***** DATA EXTRACT *****
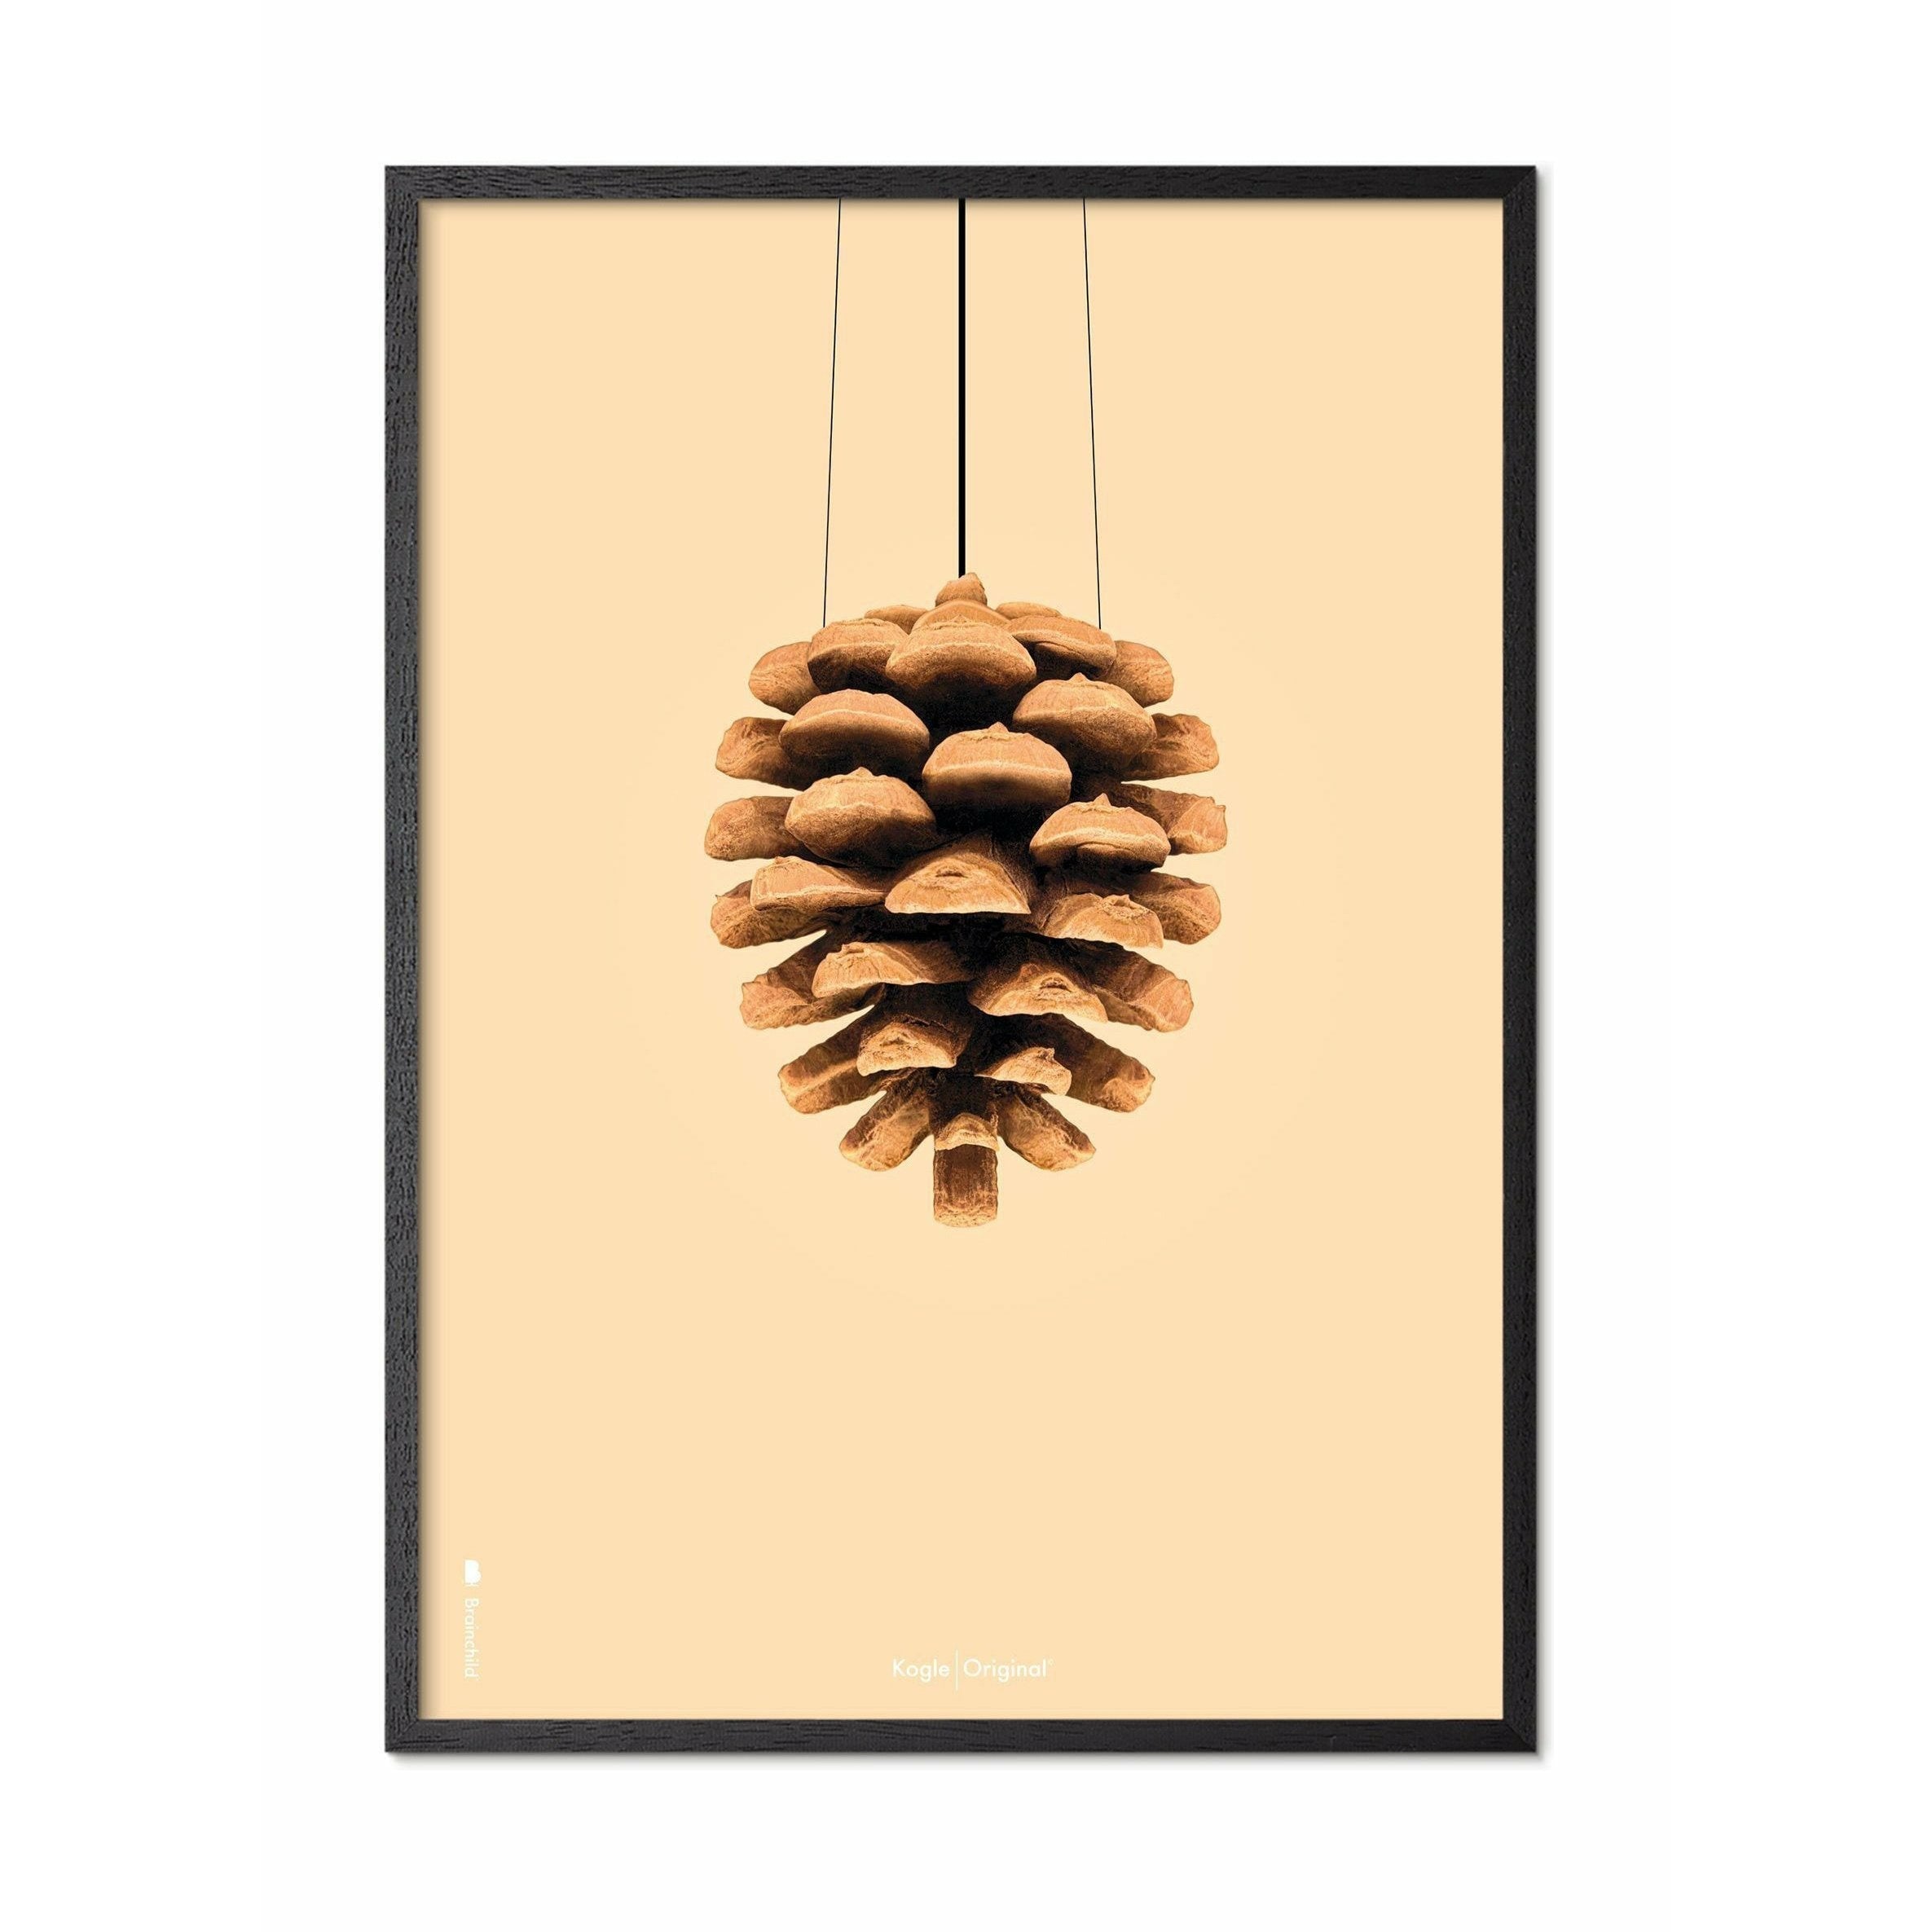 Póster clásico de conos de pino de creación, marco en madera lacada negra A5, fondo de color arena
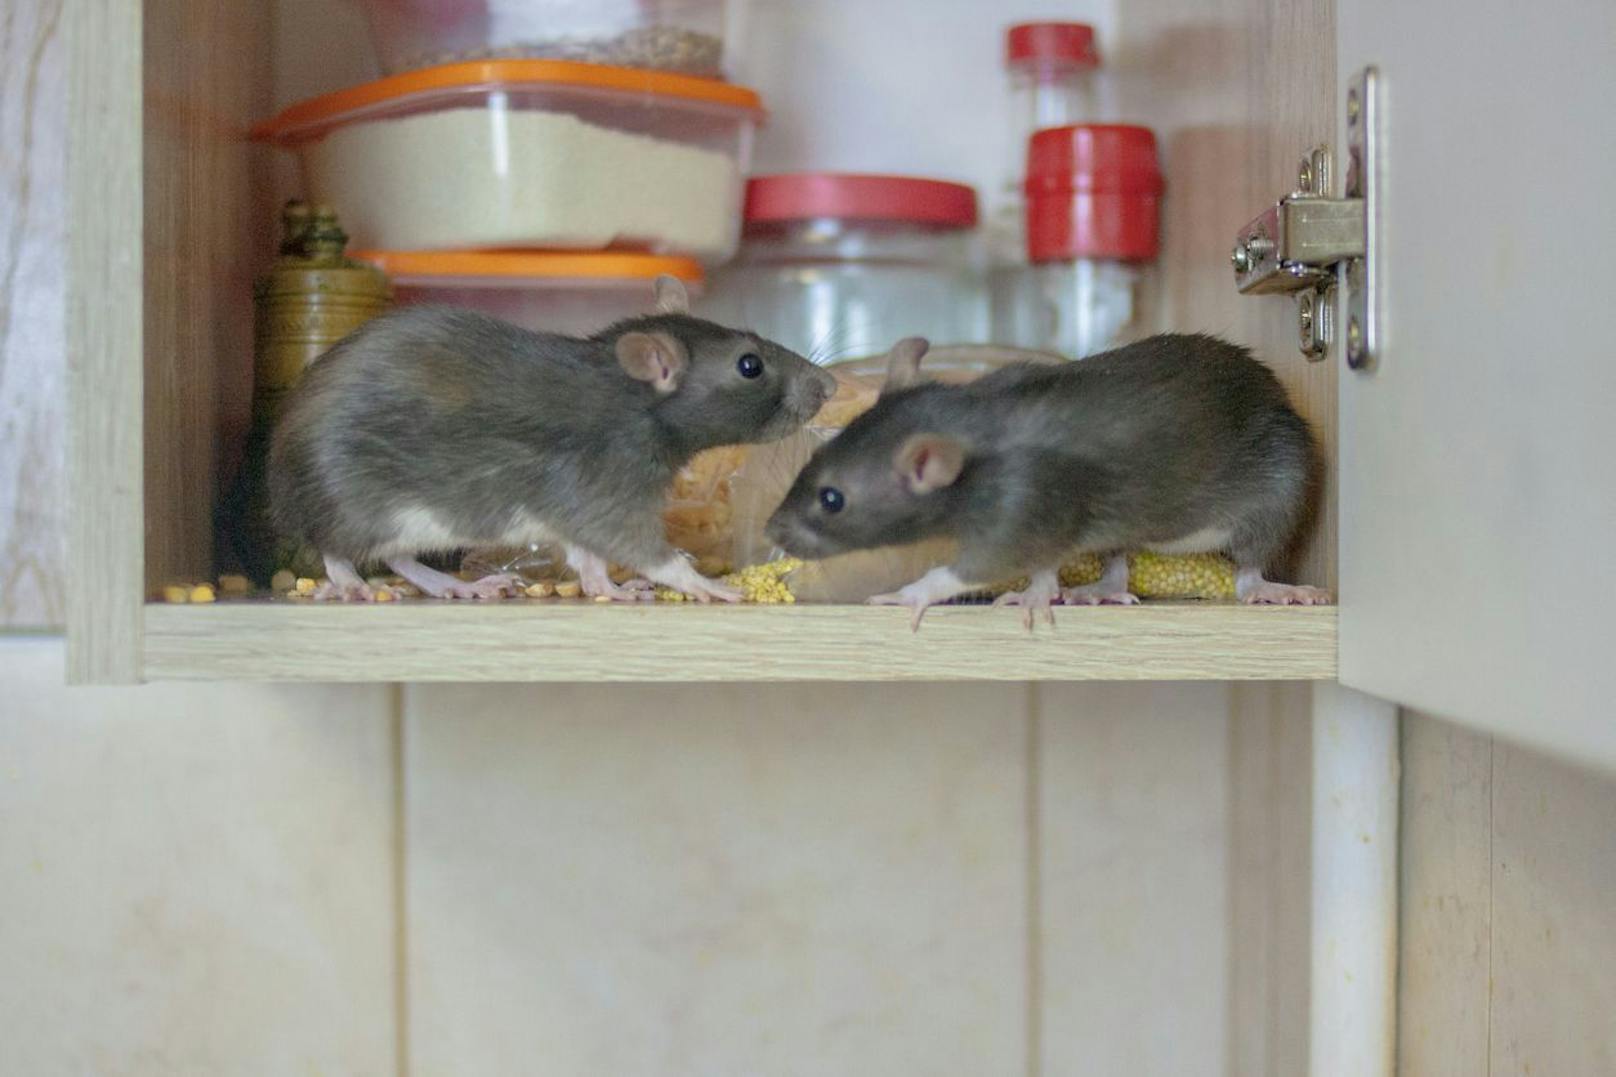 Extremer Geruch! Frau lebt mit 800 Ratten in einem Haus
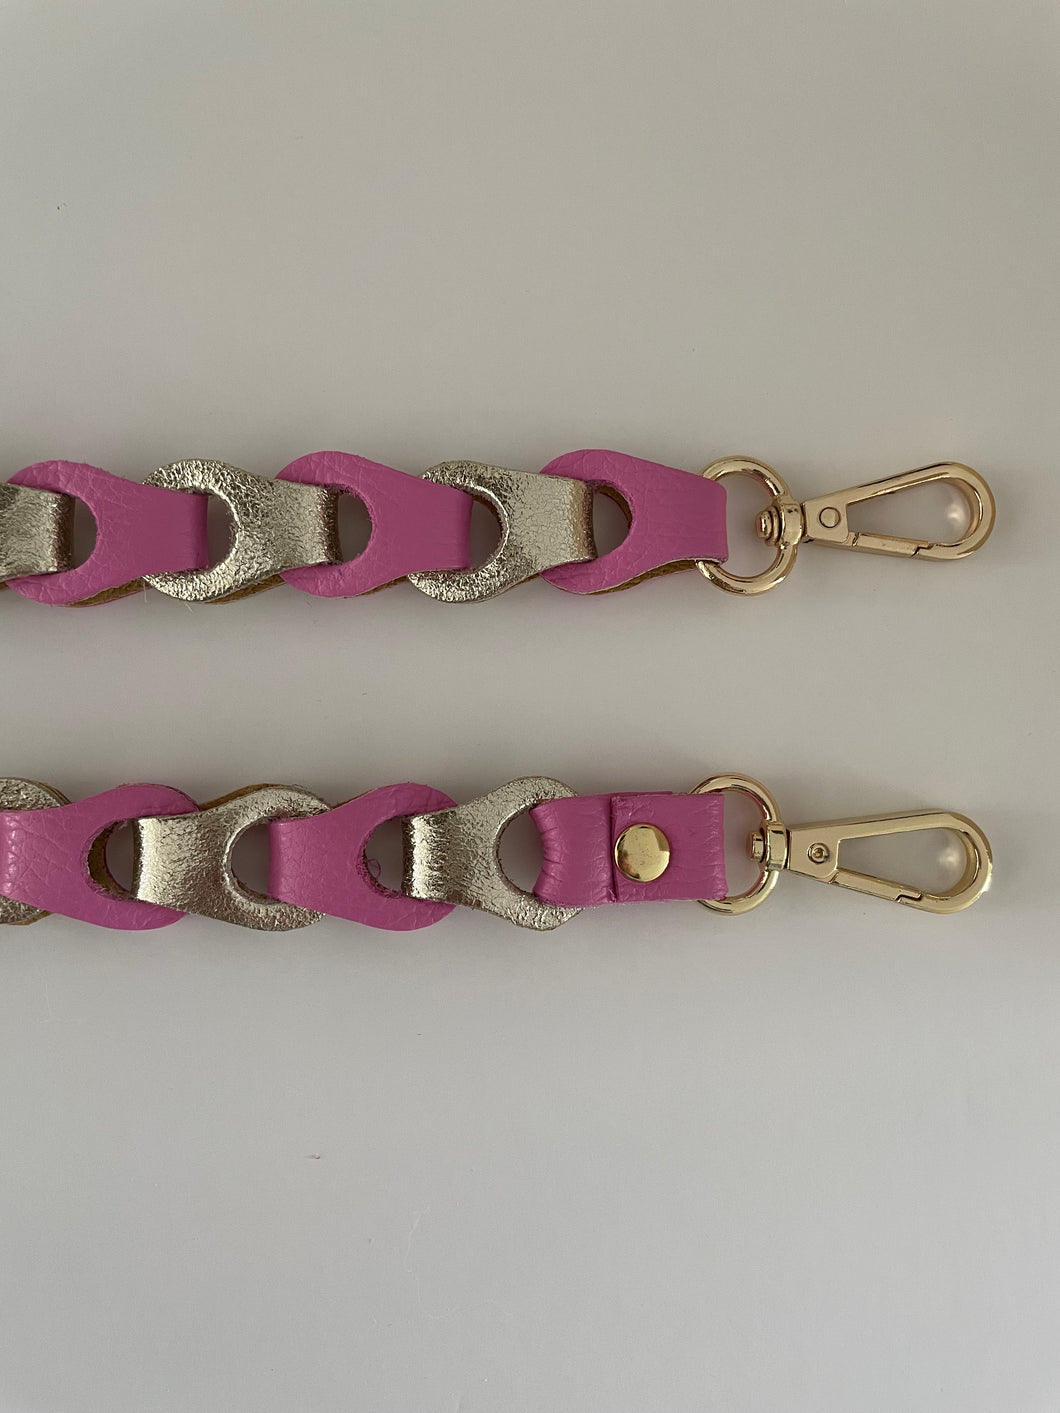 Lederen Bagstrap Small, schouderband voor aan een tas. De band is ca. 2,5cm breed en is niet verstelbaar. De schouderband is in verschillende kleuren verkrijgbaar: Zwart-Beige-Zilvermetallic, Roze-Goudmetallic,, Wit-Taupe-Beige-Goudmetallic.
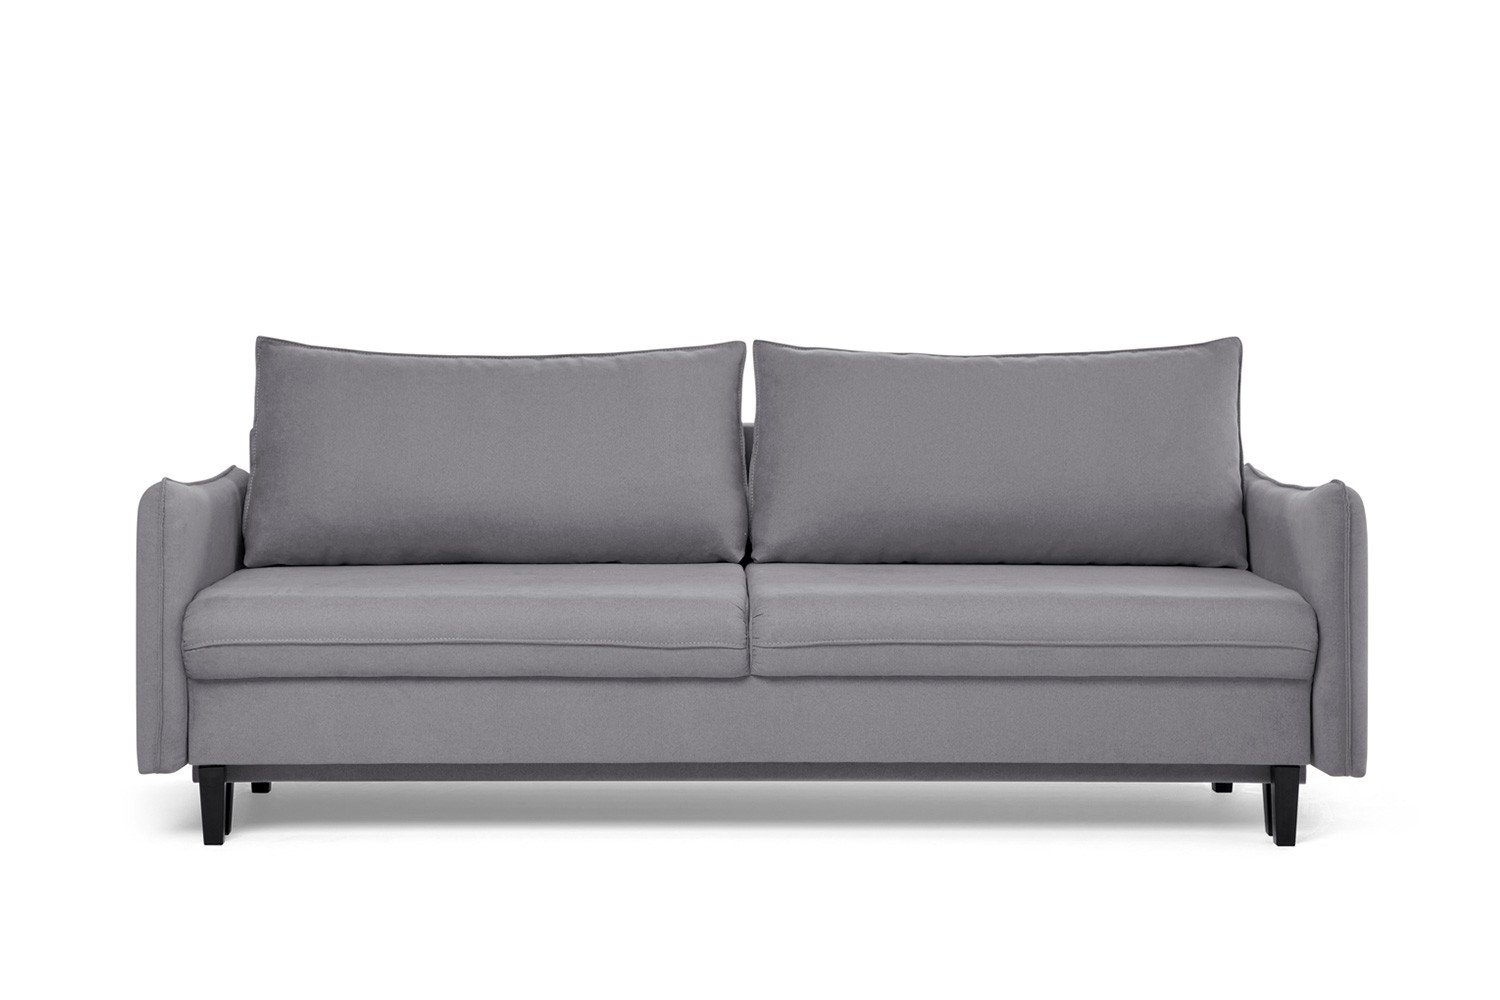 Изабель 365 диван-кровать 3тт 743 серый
*****
The output should hold only the lines from the one containing "Lederen Bagstrap Small, schouderband" through the last line of the listing, reproduced exactly, pictures omitted.

◆ **TASK ANSWER**
 Lederen Bagstrap Small, schouderband voor aan een tas. De band is ca. 2,5cm breed en is niet verstelbaar. De schouderband is in verschillende kleuren verkrijgbaar: Zwart-Beige-Zilvermetallic, Roze-Goudmetallic,, Wit-Taupe-Beige-Goudmetallic.
 Изабель 365 диван-кровать 3тт 743 серый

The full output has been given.